When the Gloves Come Off

Wednesday, March 31, 2004

  • Conservative Leader Stephen Harper

    Conservative Leader Stephen Harper

Written by Kyle Lambert

When the members of the Conservative Party decided to elect Stephen Harper on the first ballot at their recent leadership conference, the party immediately attempted to display itself as a renewed group. Efforts were made right away to show that Harper’s election wasn’t the final sign of a Reform takeover of the so-called Progressive Conservative Party. Unfortunately for the Reformers, many are starting to see the Conservative Party for what it really is and should be called – Republican Lite.

The classic PC candidate, Frank Stronach’s daughter, failed to demonstrate the political savvy or necessary language skills to defeat the reigning Martinites in a federal election. Not even the megabucks and rhetoric of the Fraser Institute clan could save Stronach from the Reform juggernaut. Despite having the open support of Mulroney, Harris, Manning, and Klein, Frank’s daughter was unable to smile her way into the oil-soaked hearts of the Alberta Reformers.

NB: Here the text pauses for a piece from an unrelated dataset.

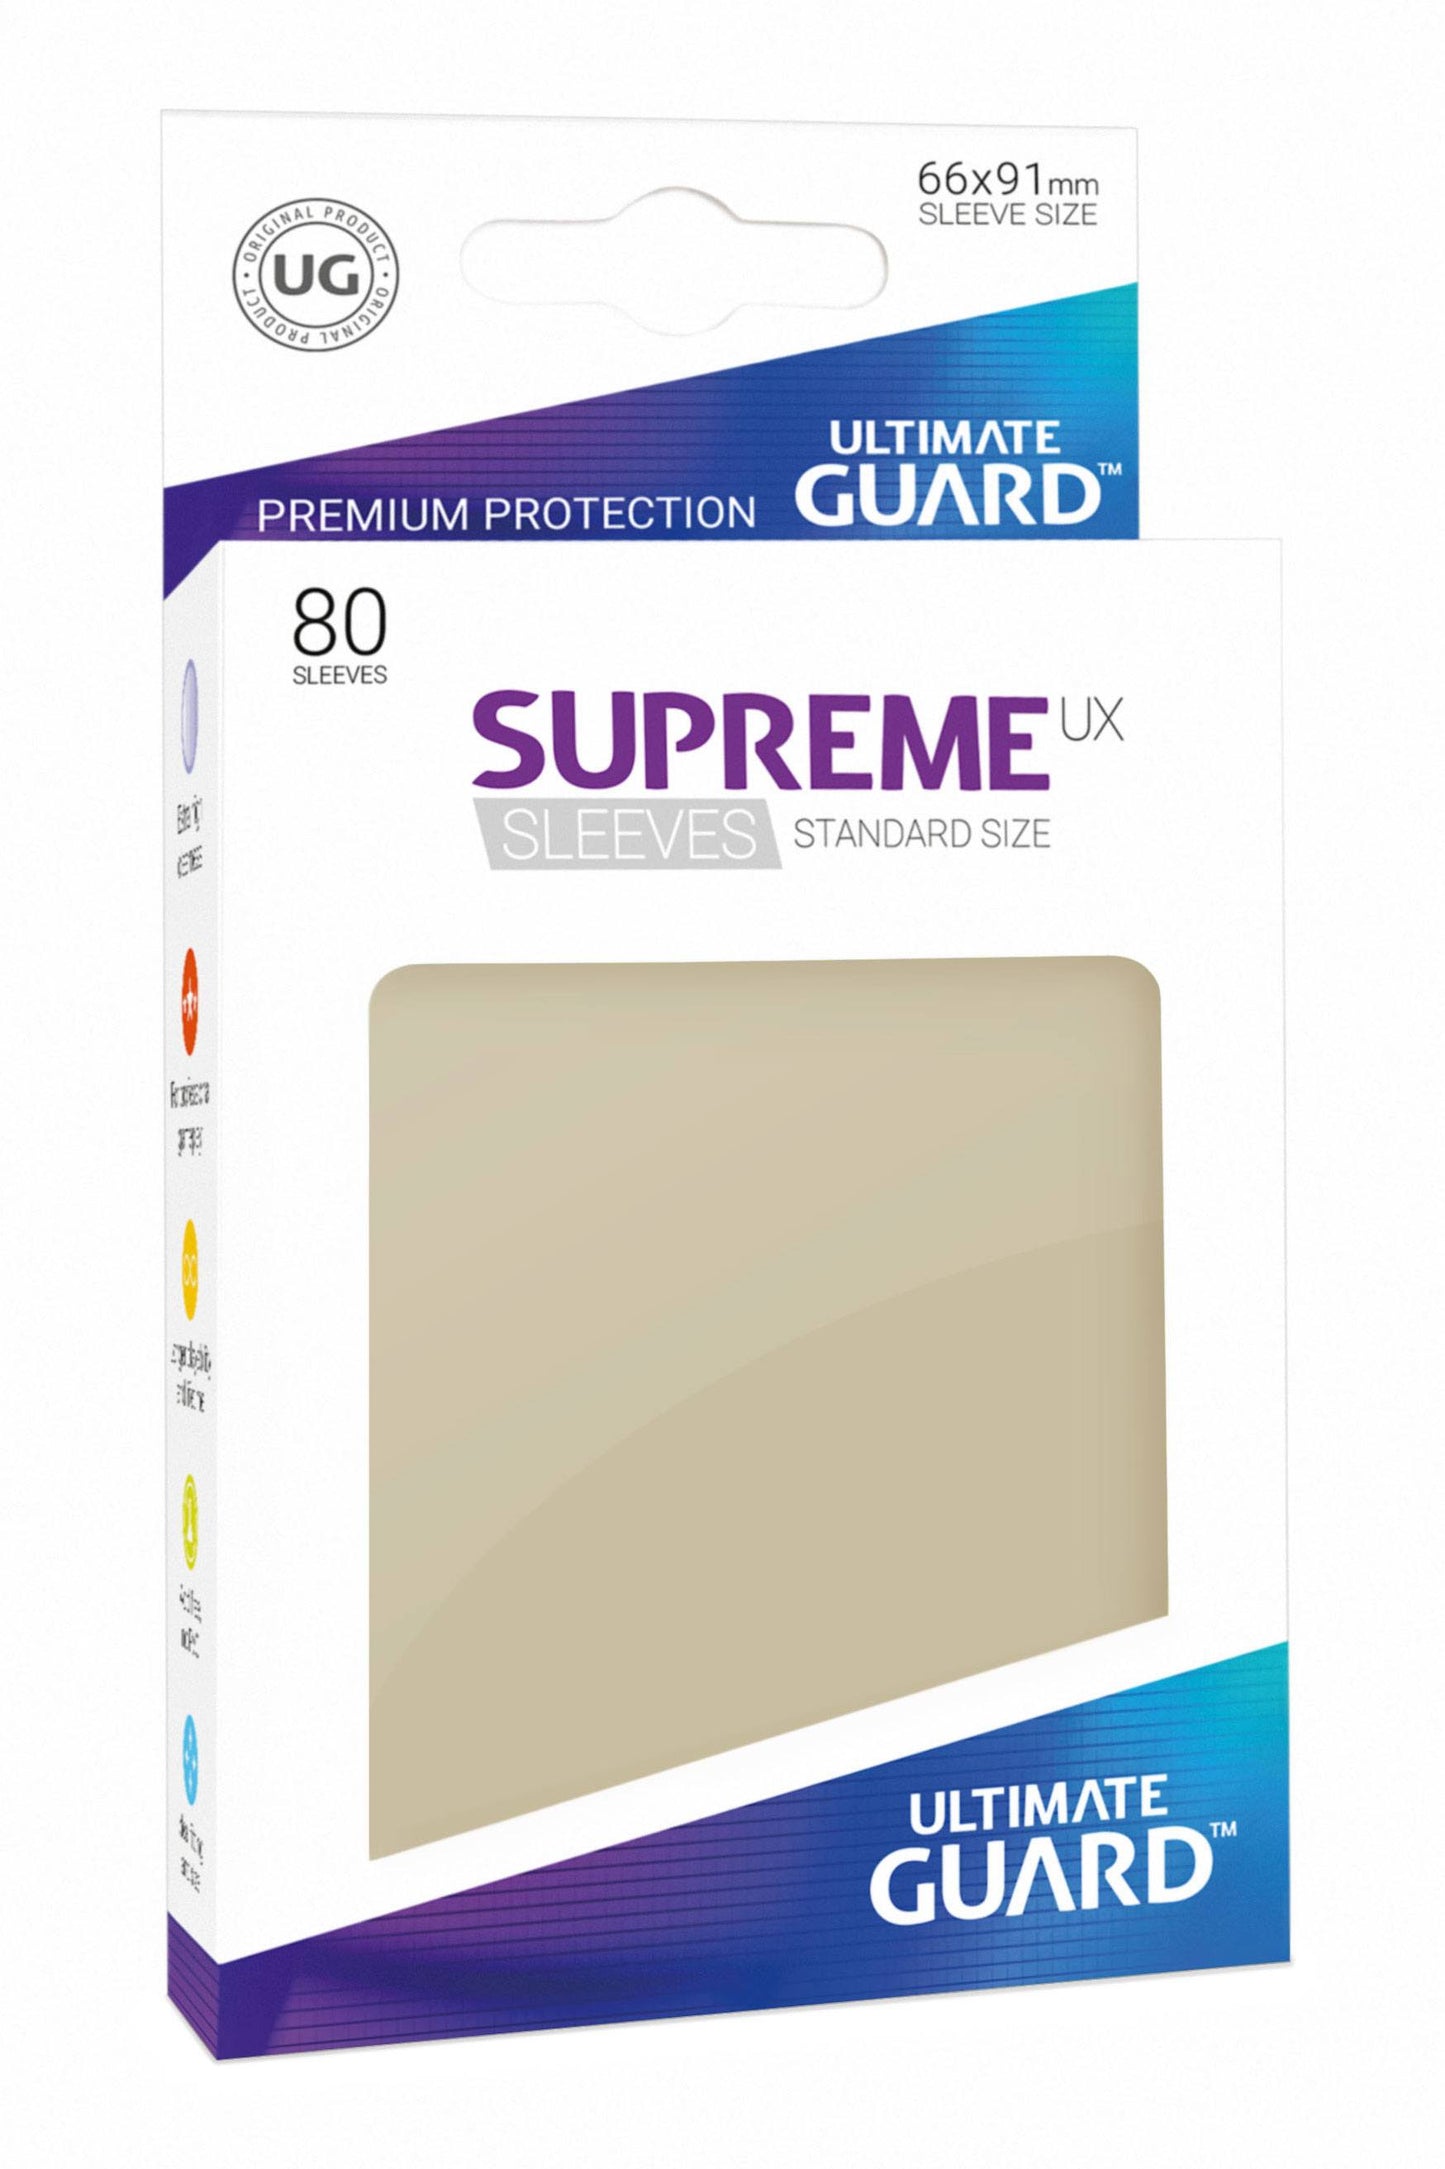 Ultimate Guard - Supreme UX Sleeves - Standard Size (80)

As an aside, am I the only one who is sick and bloody tired of hearing sympathy for Stronach’s daughter because of the way she’s been portrayed by the media? Fact is, Stronach is a lightly-educated and spoon-fed modern aristocrat who seems to suddenly have decided that she can play the political games with the big boys in Ottawa. Give me a freaking break! If this were the United States she would be called George W. Bush.

Now, back to Harper. He certainly isn’t cut from the same cloth as the aforementioned list of Canadian popular neo-conservatives. Harper gains his support more from grass-roots conservatives than from corporate hand-out seekers. That doesn’t mean he’s not more than willing to be bought off by the Alberta oil-lobby, he just seems a little more subtle about it. What worries me, and should worry many others too, is the way Harper drums up his support. He does it by playing to classic stereotypical fears of those who don’t have the time nor the energy to investigate matters of public interest for themselves.

Harper has previously demonstrated as leader of the Canadian Alliance that portraying immigrants as terrorists is a strategy for election. While most don’t like to admit it, there is a deeply-rooted racism which exists in Canada. The politics of fear practiced by Harper’s conservatives will not end this racism, they will only add to it. The Conservative Party will also talk much about hugely increasing military spending so that our soldiers can be equipped with bigger and more advanced weapons. Is this what our military really needs? Personally, I find weapons such as tanks and jets fascinating, but I don’t want to see my money paying for them, not when they will be used in conflicts such as the Iraq war. If Canada was facing a real conventional military threat, then I could understand the proposed spending increases for the military. However, the threats to Canada and other Western countries exist because our armies are too big and wide-spread around the world, not because they aren’t big enough. While purchasing sexy (yes, that’s exactly what it is) new military equipment will satisfy much of the masses, only a complete overhaul of our armed forces will truly fix their numerous problems.

The Conservative Party’s election campaign will contain many ploys to bring Canadians down to the level of the foolish masses that have previously supported that party. Harper will portray himself as a straight-shooter who will end the years of Liberal corruption. All of this will be done through a politics of fear that works so well for another well-known right-wing party…maybe George Dubya himself will even make a Canadian cameo.